Plaintiff's child was bitten by a dog at a park adjacent to an apartment complex where she was a tenant. As a result, plaintiff sued the apartment management company and others. The dog was owned by another tenant. The apartment complex did not own the park but advertised the park, as a feature of the apartment complex. The apartment complex's rules prohibited the type of dog that bit Plaintiff's child. The tenant dog owner had two dogs, which were prohibited by the rules. There were reports that the dogs had menaced other tenants, and one tenant claimed to have reported the dogs to the apartment's management company; however, the apartment manager never asked the owner to remove the dogs from the premises. The Fourth District Court of Appeal reversed the trial court's grant of summary judgment in favor of the apartment management company. The court reasoned that a landowner, in this case the apartment management company, could be liable to a business invitee (the victim tenant and her child), for injuries occurring off the premises where the apartment management company knew that the invitees were using adjacent lands for purposes connected with the business invitation. Distinguishing other cases where there was no relationship between the victim and the landowner, the court concluded that the landlord owed a duty to its tenants to protect them from dangerous dogs on adjacent property where the landlord utilized the adjacent property to promote his business interests.

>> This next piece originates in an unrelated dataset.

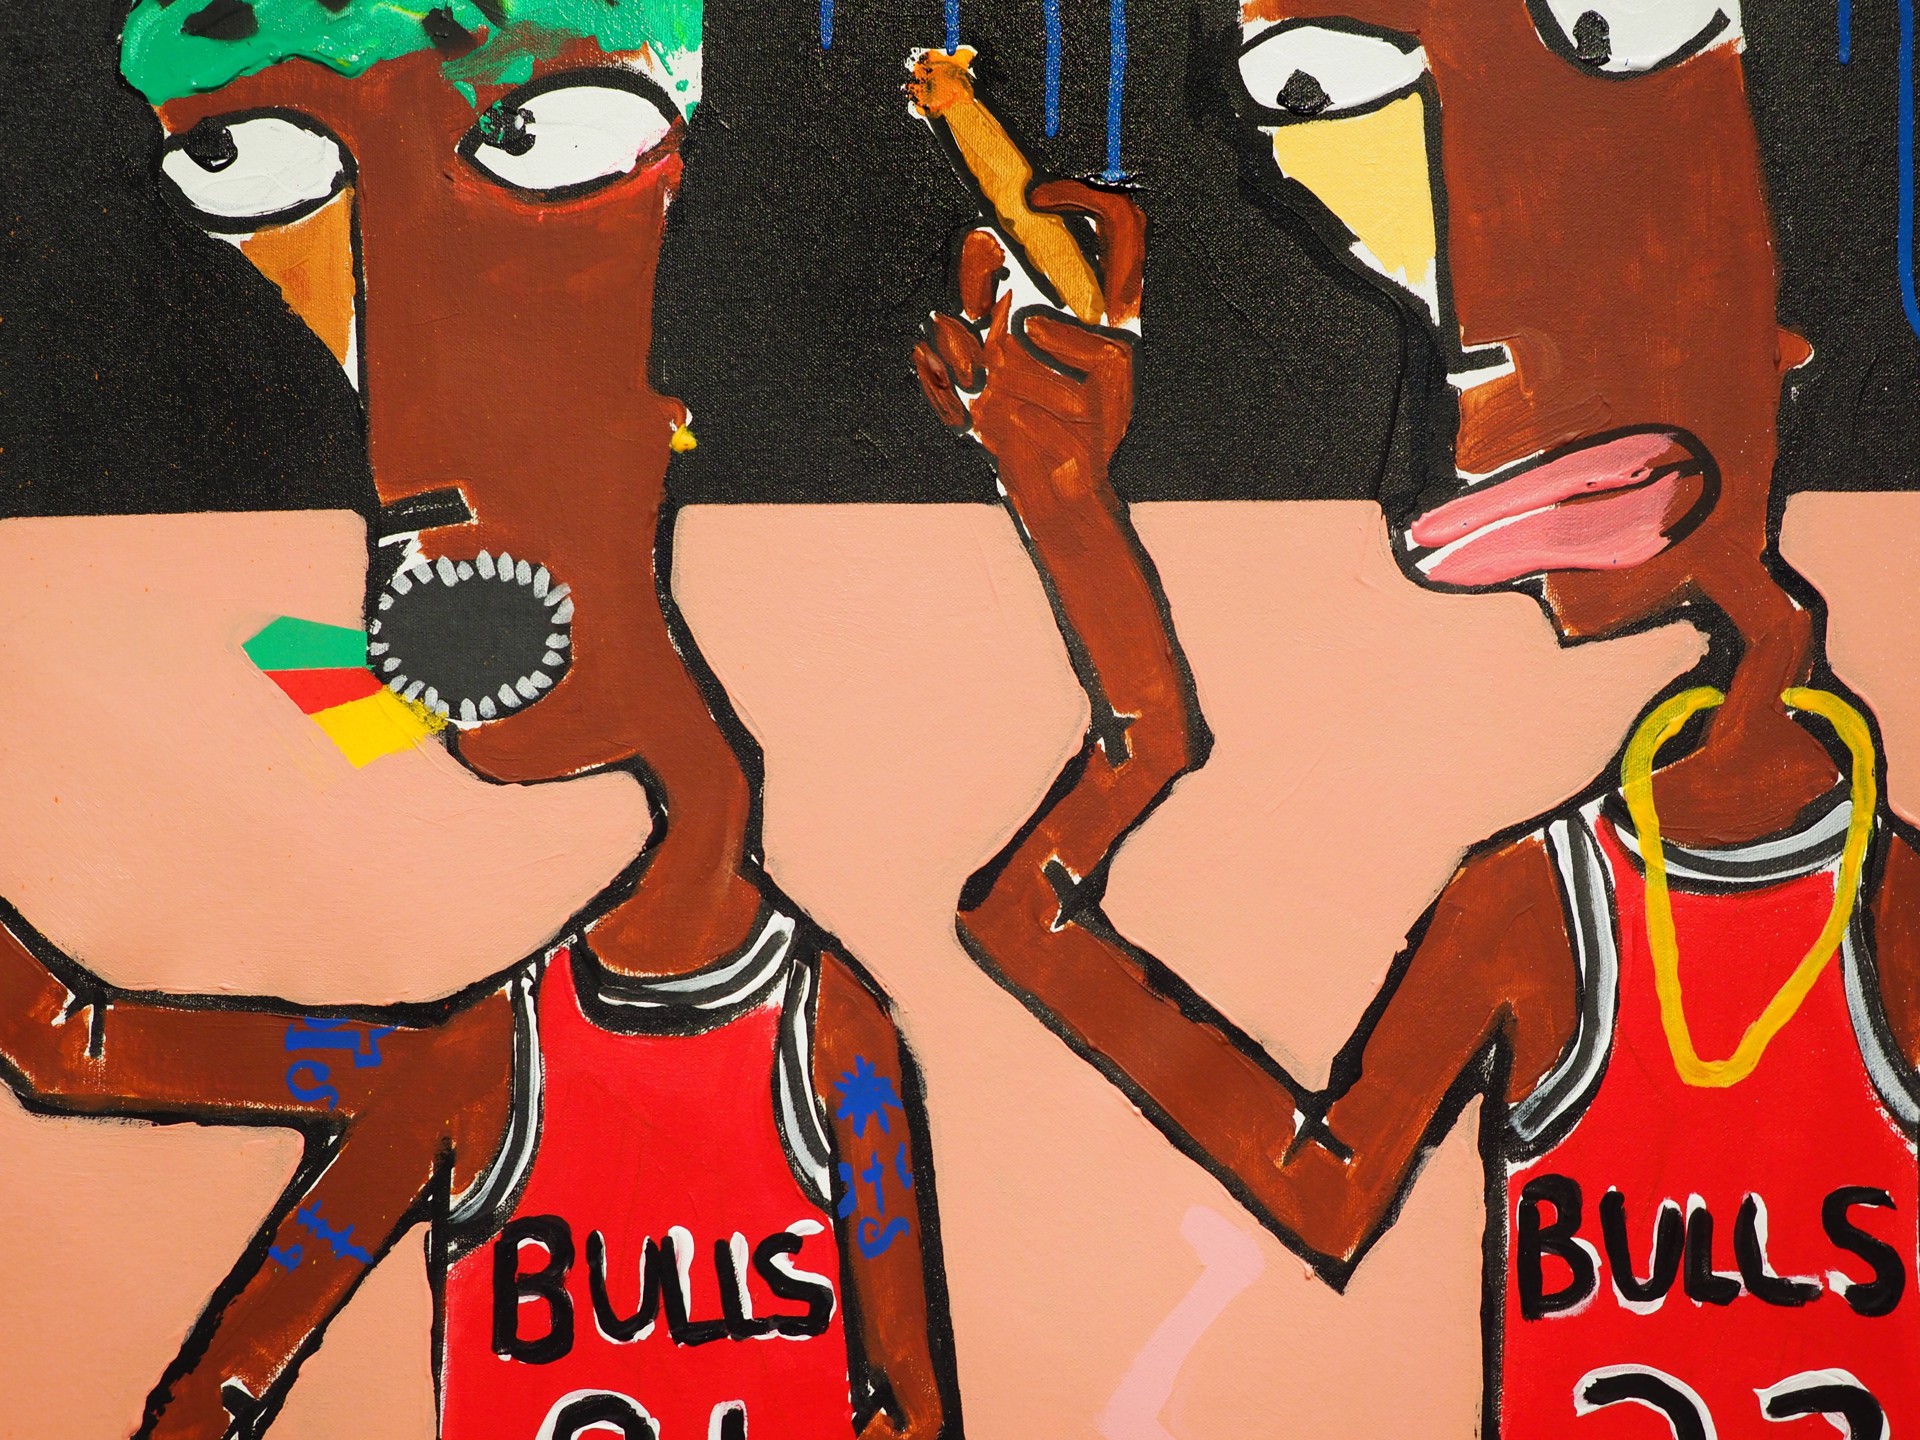 96 Bulls by Brandon Jones

Summary Judgment obtained in a civil rights action on behalf of regional Airport District
The Firm recently obtained a summary judgment dismissing all claims on behalf of a regional Airport District and several law enforcement officers working for the Airport District in a federal court action, where the plaintiffs claimed the Airport and law enforcement officers conspired to deprive them and their company of certain constitutional due process protections related to their use of the Airport property and access to the Airport grounds. Plaintiffs claimed the Airport and officers conspired to deprive plaintiffs of access to their hangar and to secured areas of the Airport grounds, which precluded them from doing business and caused their business to shut down. They also claimed certain of their office and hangar space was unconstitutionally searched and seized, and that their badge access to the secured portion of the Airport grounds was unconstitutionally taken away. The Federal Judge ruled against plaintiff on all constitutional grounds, granting summary judgment that no unconstitutional deprivation of rights occurred. The Appeal of the Judge's ruling was Dismissed by the Eleventh U.S. Circuit Court of Appeals.